Re: design for parallel backup

From: Robert Haas <robertmhaas(at)gmail(dot)com>
To: Andres Freund <andres(at)anarazel(dot)de>
Cc: "pgsql-hackers(at)postgresql(dot)org" <pgsql-hackers(at)postgresql(dot)org>
Subject: Re: design for parallel backup
Date: 2020-05-04 18:04:32
Message-ID: CA+TgmoZNUsr_Bpjv9T5D8-UW1Rnh3opDbD+PjX33SXR-NCJ2sg@mail.gmail.com
Views: Raw Message | Whole Thread | Download mbox | Resend email
Thread:
Lists: pgsql-hackers

On Sun, May 3, 2020 at 1:49 PM Andres Freund <andres(at)anarazel(dot)de> wrote:
> > > The run-to-run variations between the runs without cache control are
> > > pretty large. So this is probably not the end-all-be-all numbers. But I
> > > think the trends are pretty clear.
> >
> > Could you be explicit about what you think those clear trends are?
>
> Largely that concurrency can help a bit, but also hurt
> tremendously.

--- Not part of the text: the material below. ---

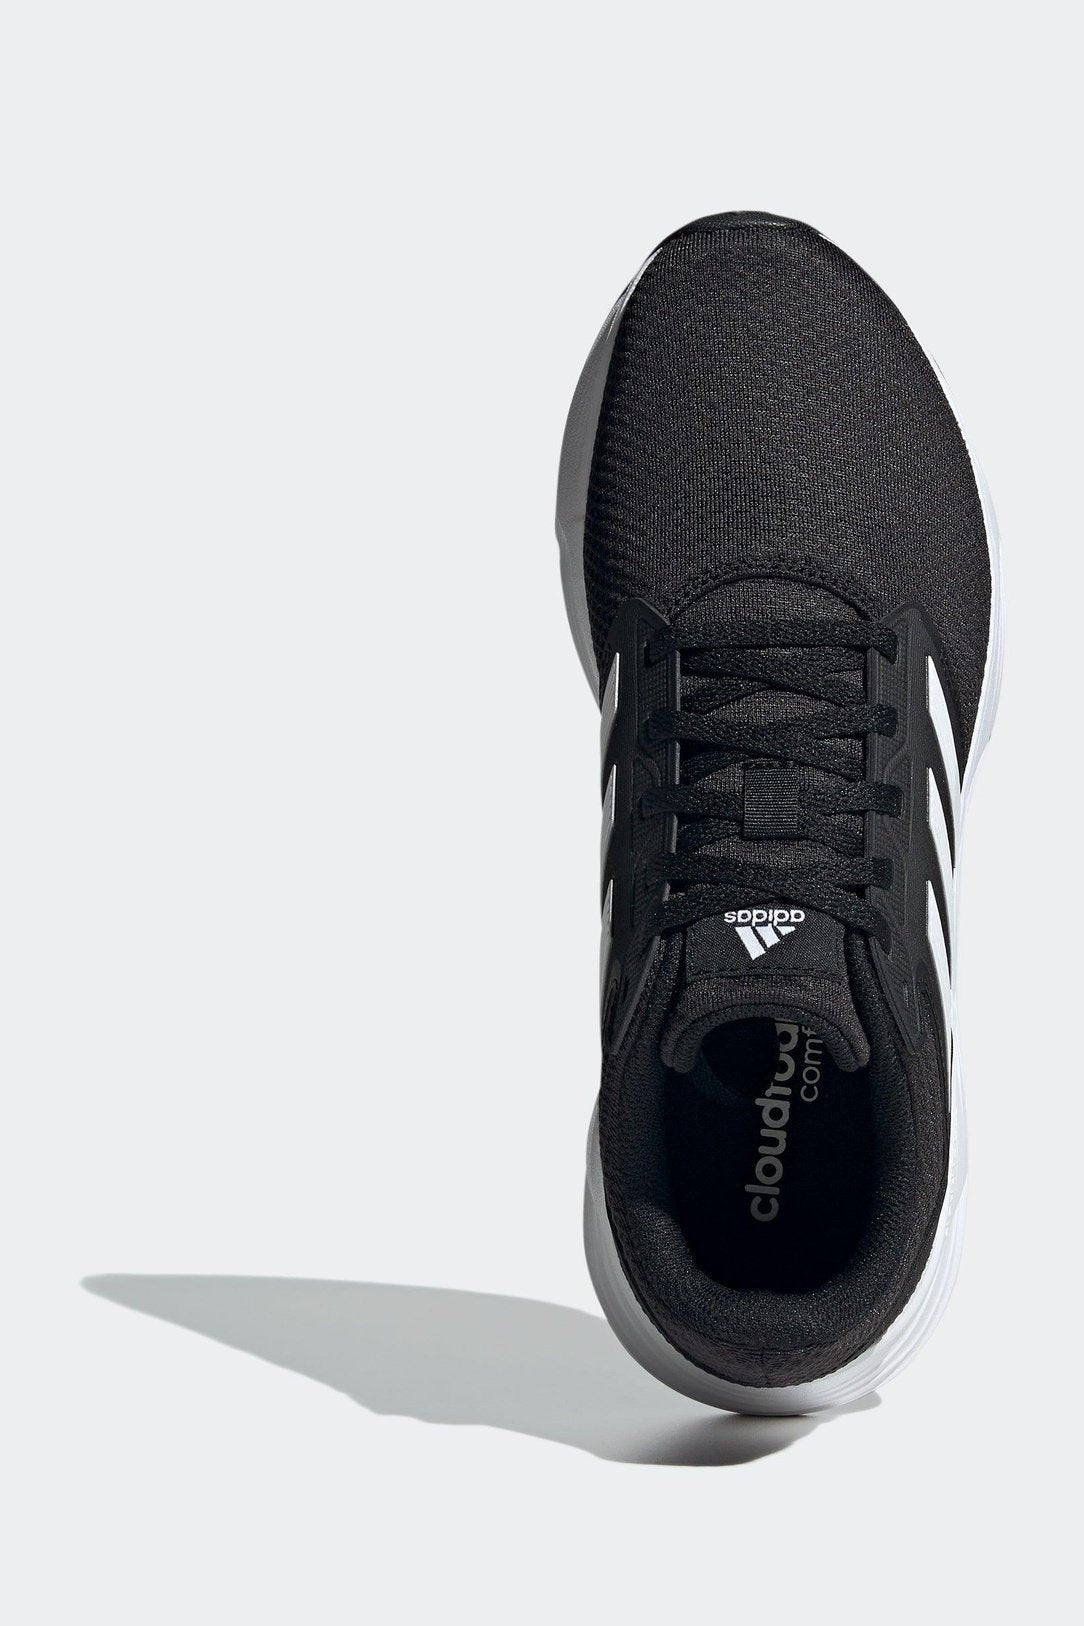 נעלי ריצה לגבר GALAXY 6 בצבע שחור ולבן - MASHBIR//365

Below is some more detailed analysis, it'll be a bit
> long...

OK, thanks. Let me see if I can summarize here. On the strength of
previous experience, you'll probably tell me that some parts of this
summary are wildly wrong or at least "not quite correct" but I'm going
to try my best.

- Server-side compression seems like it has the potential to be a
significant win by stretching bandwidth. We likely need to do it with
10+ parallel threads, at least for stronger compressors, but these
might be threads within a single PostgreSQL process rather than
multiple separate backends.

- Client-side cache management -- that is, use of
posix_fadvise(DONTNEED), posix_fallocate, and sync_file_range, where
available -- looks like it can improve write rates and CPU efficiency
significantly. Larger block sizes show a win when used together with
such techniques.

- The benefits of multiple concurrent connections remain somewhat
elusive. Peter Eisentraut hypothesized upthread that such an approach
might be the most practical way forward for networks with a high
bandwidth-delay product, and I hypothesized that such an approach
might be beneficial when there are multiple tablespaces on independent
disks, but we don't have clear experimental support for those
propositions. Also, both your data and mine indicate that too much
parallelism can lead to major regressions.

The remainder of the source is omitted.